'''
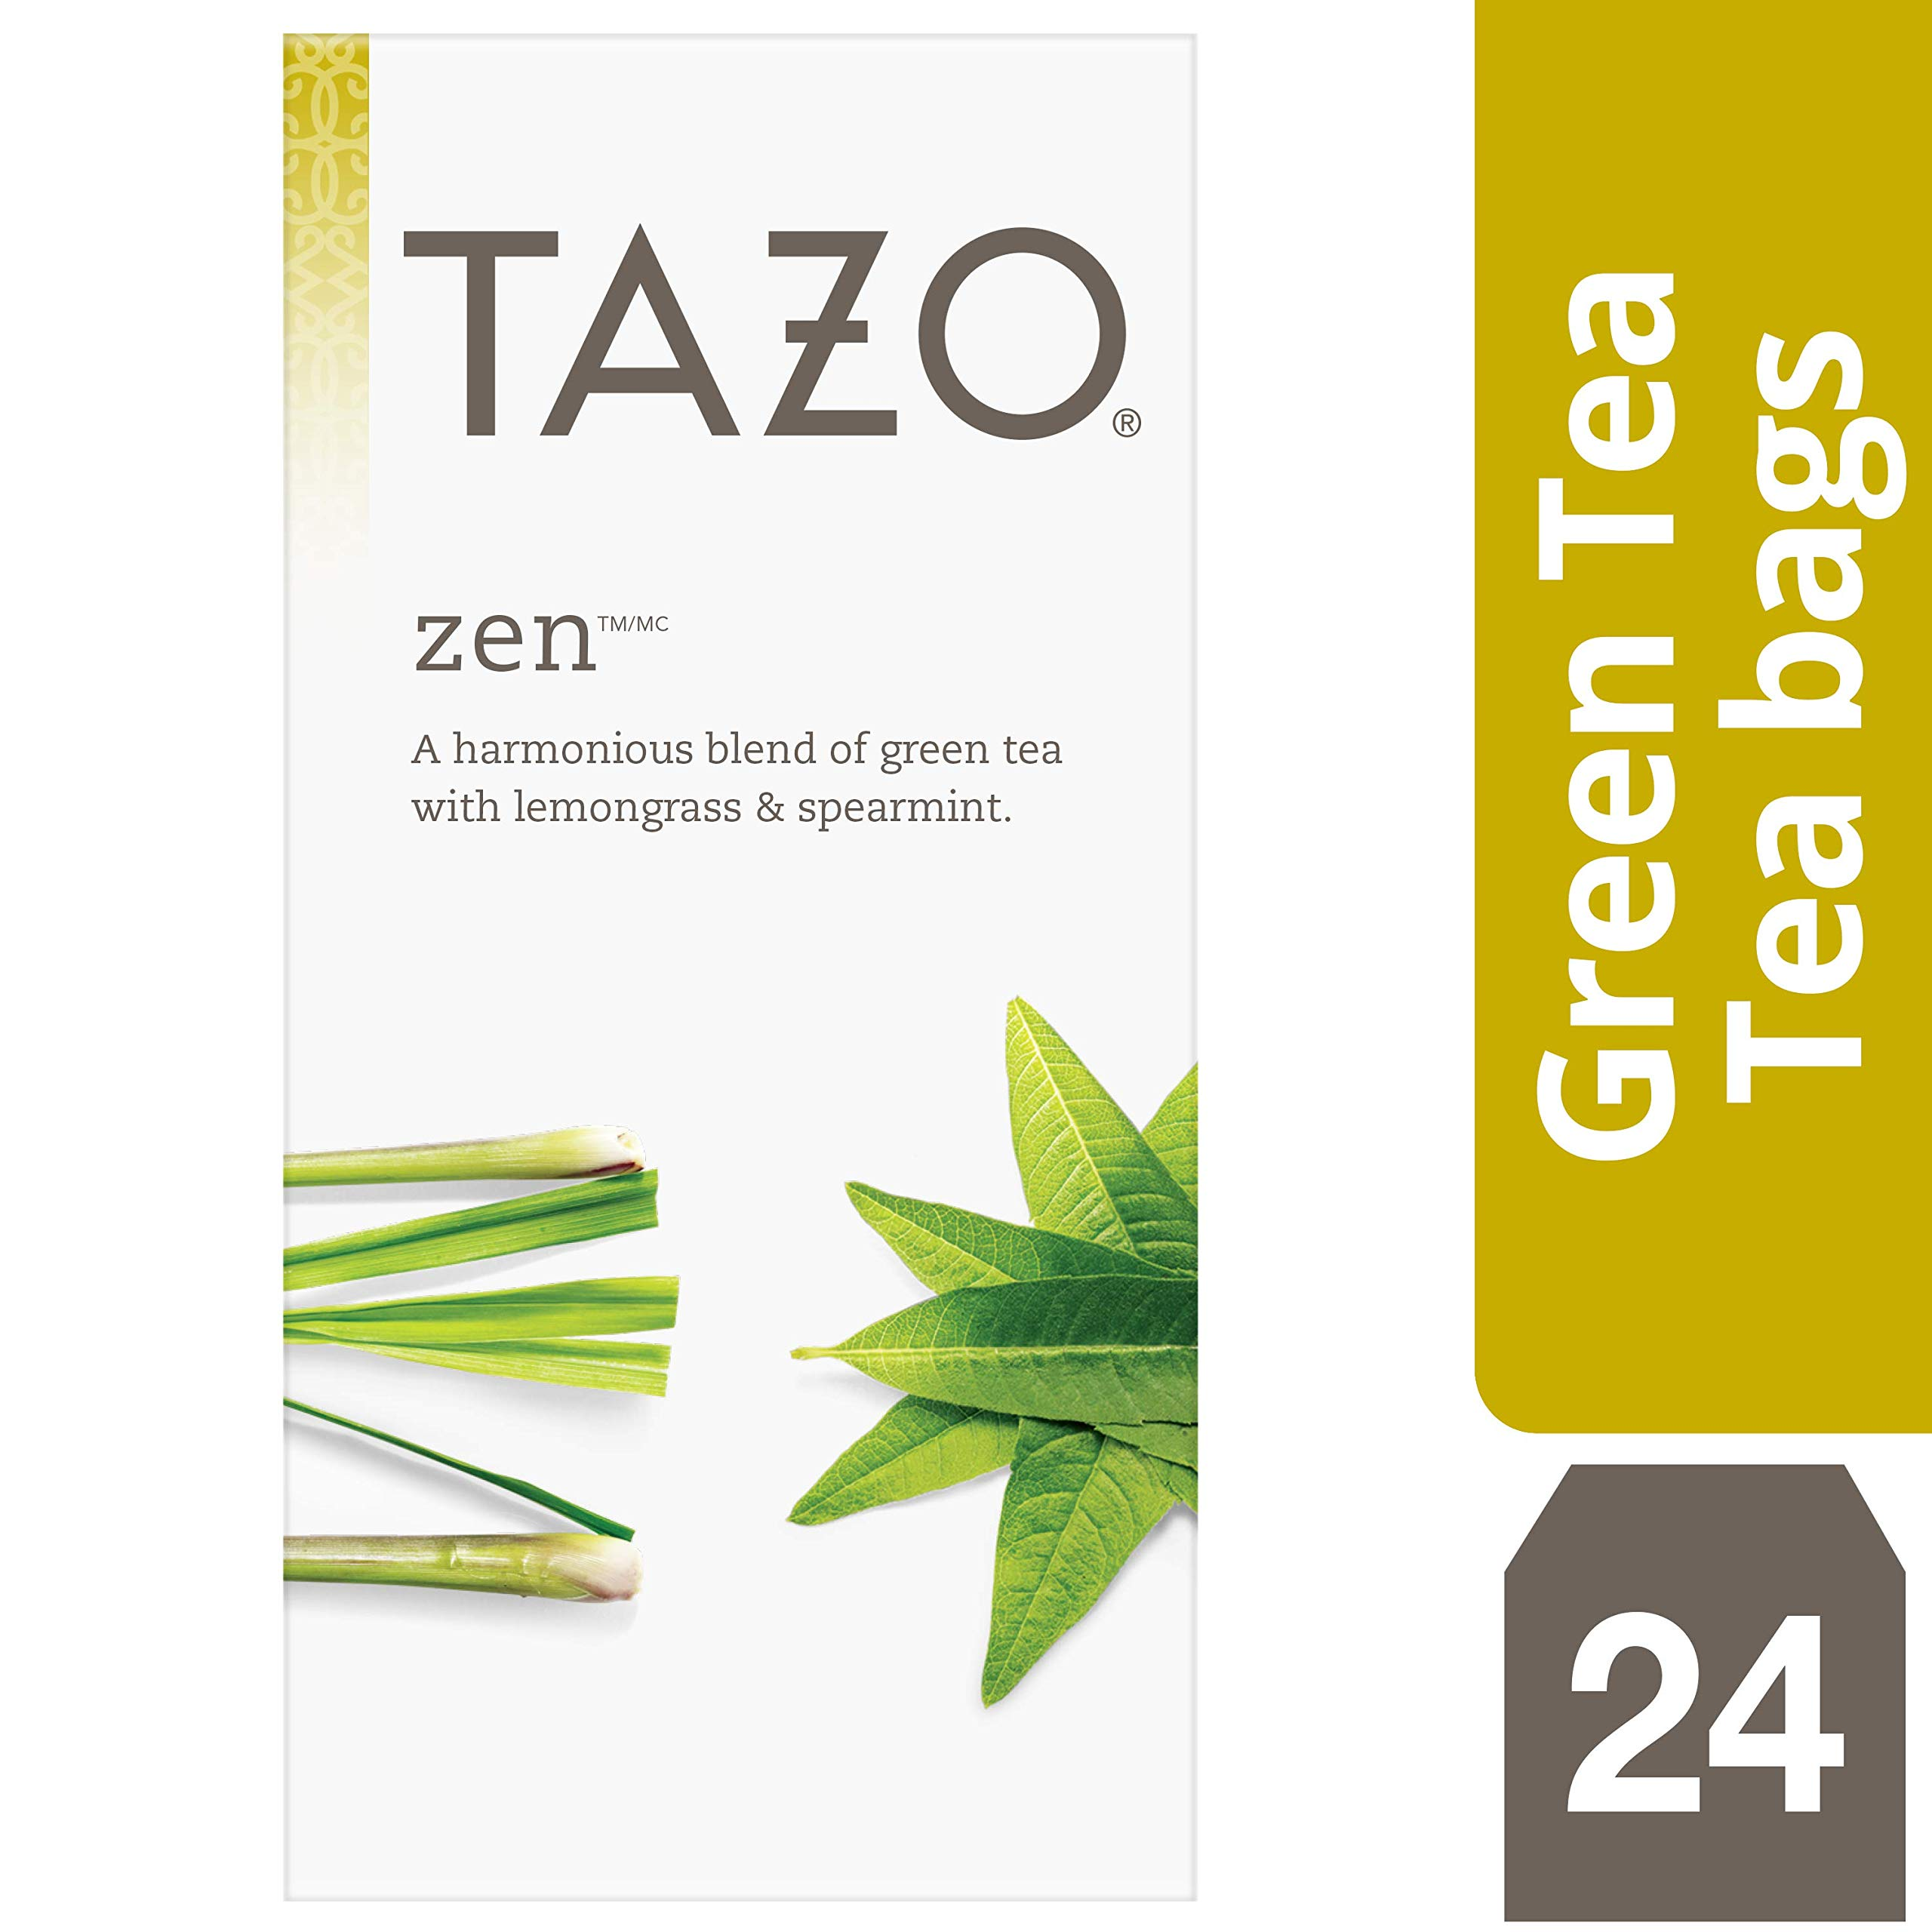 TazoHot Tea Filterbag Zen Green 24 count, Pack of 6
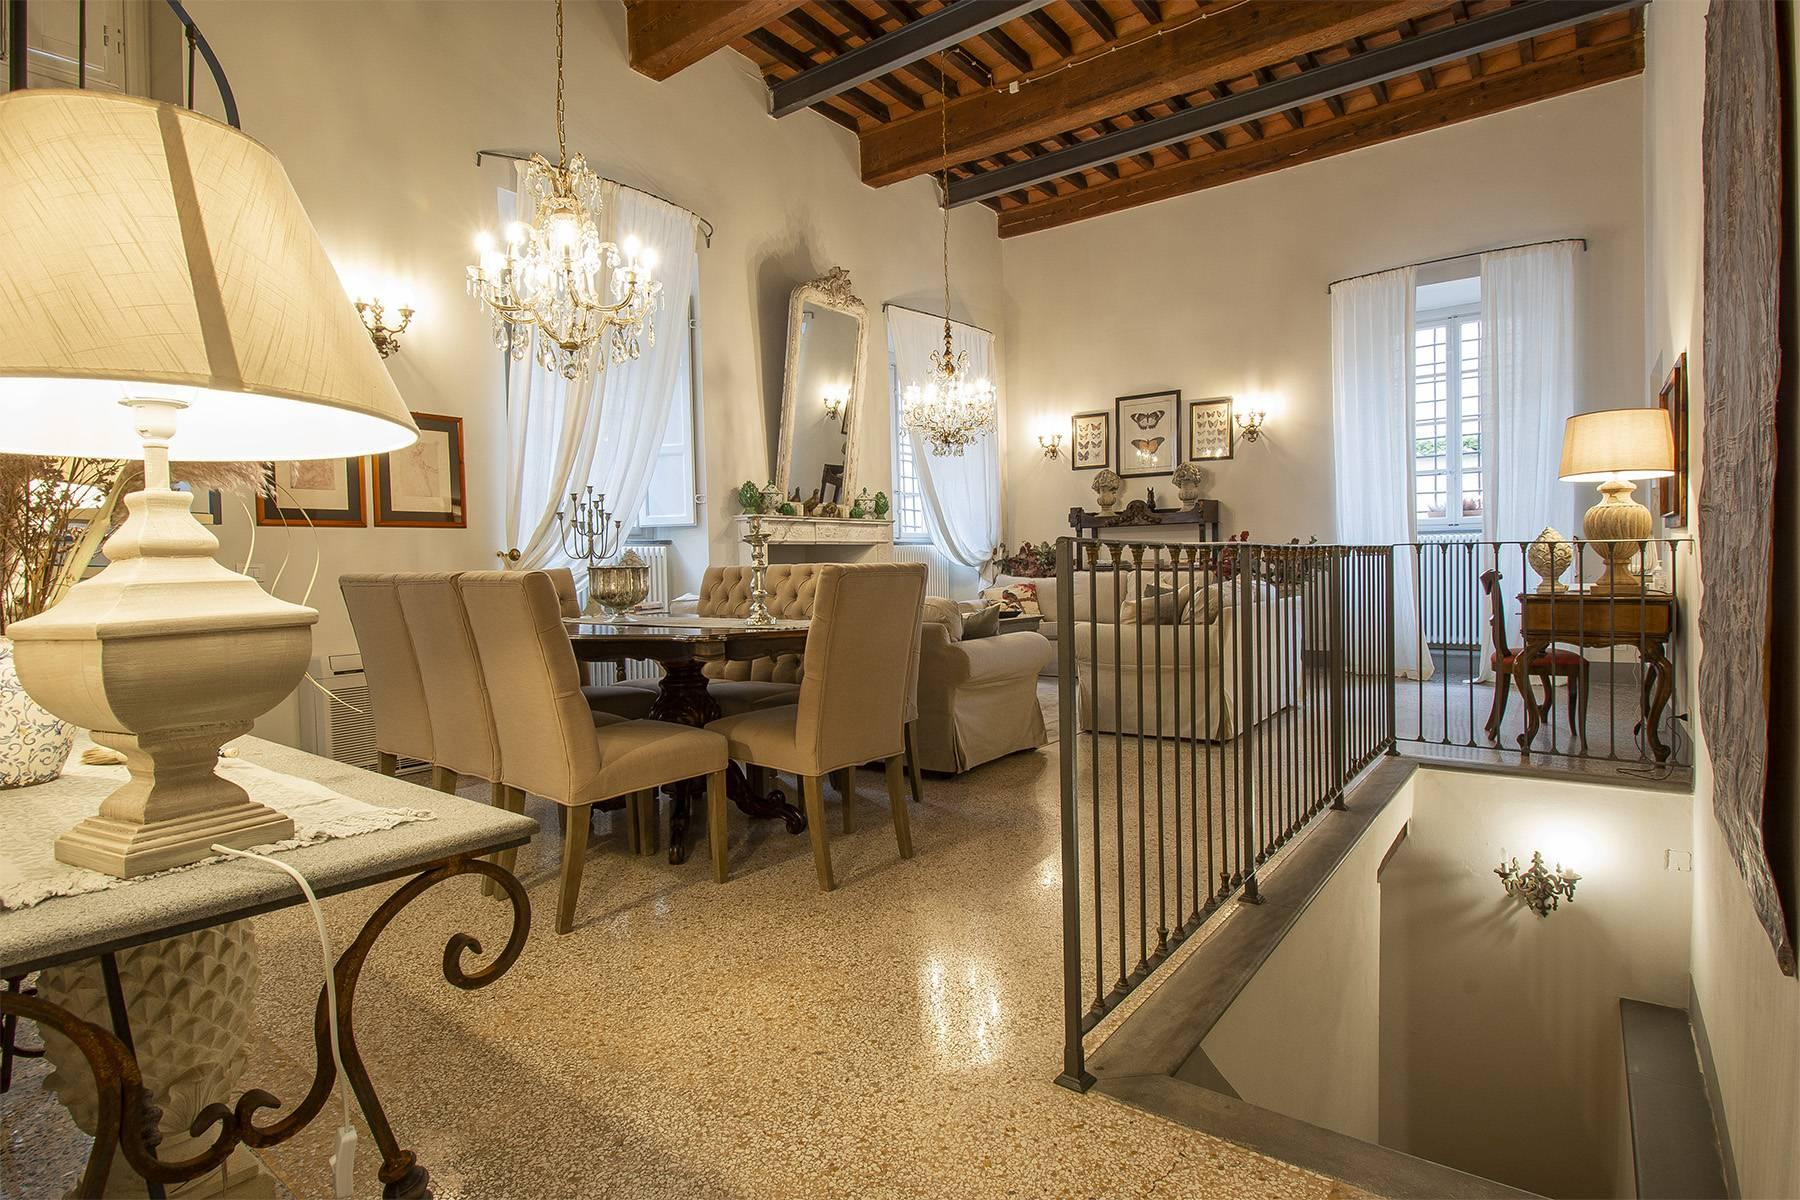 Appartement exclusif au coeur de Lucca - 16
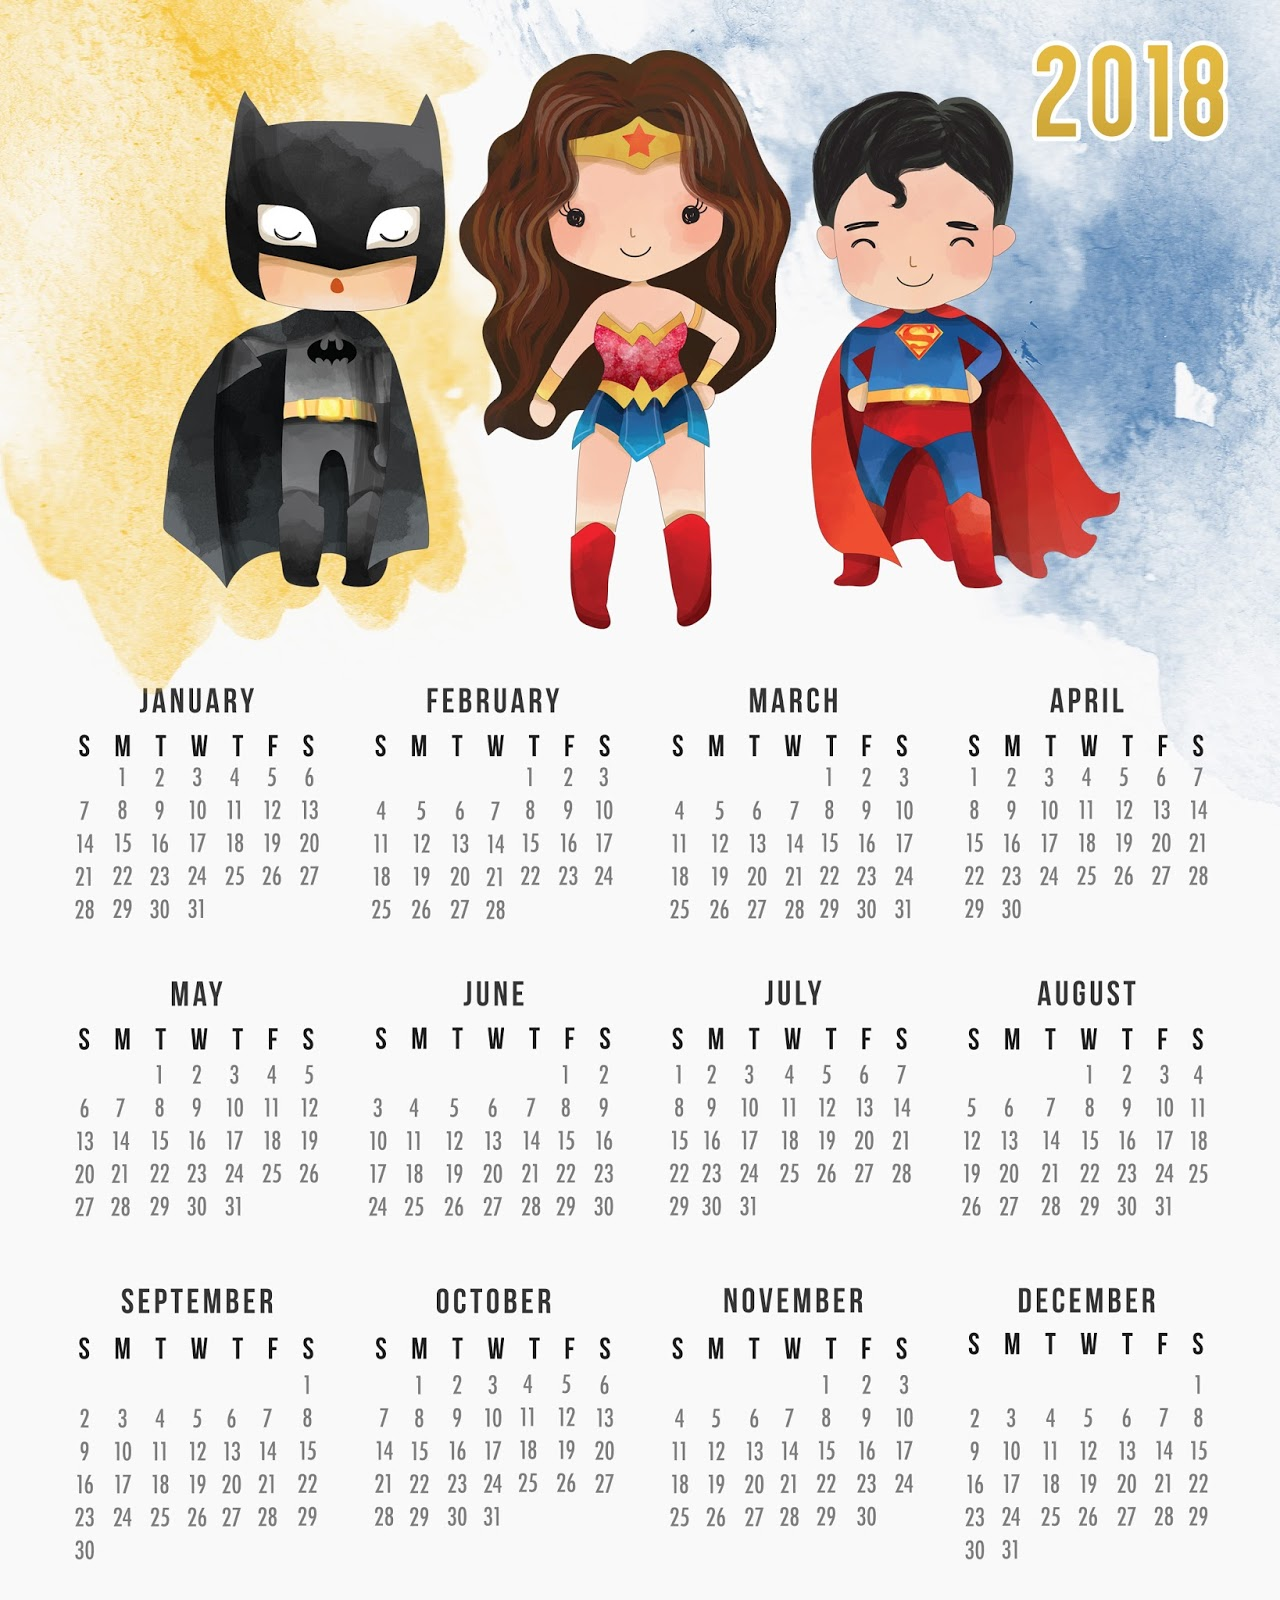 Free Printable 2018 Justice League Calendar.   Oh My Fiesta! for Geeks
'''
Repeat the full listing above without altering a word, and skip the pictures.

 TazoHot Tea Filterbag Zen Green 24 count, Pack of 6
 Appartement exclusif au coeur de Lucca - 16
 Free Printable 2018 Justice League Calendar.   Oh My Fiesta! for Geeks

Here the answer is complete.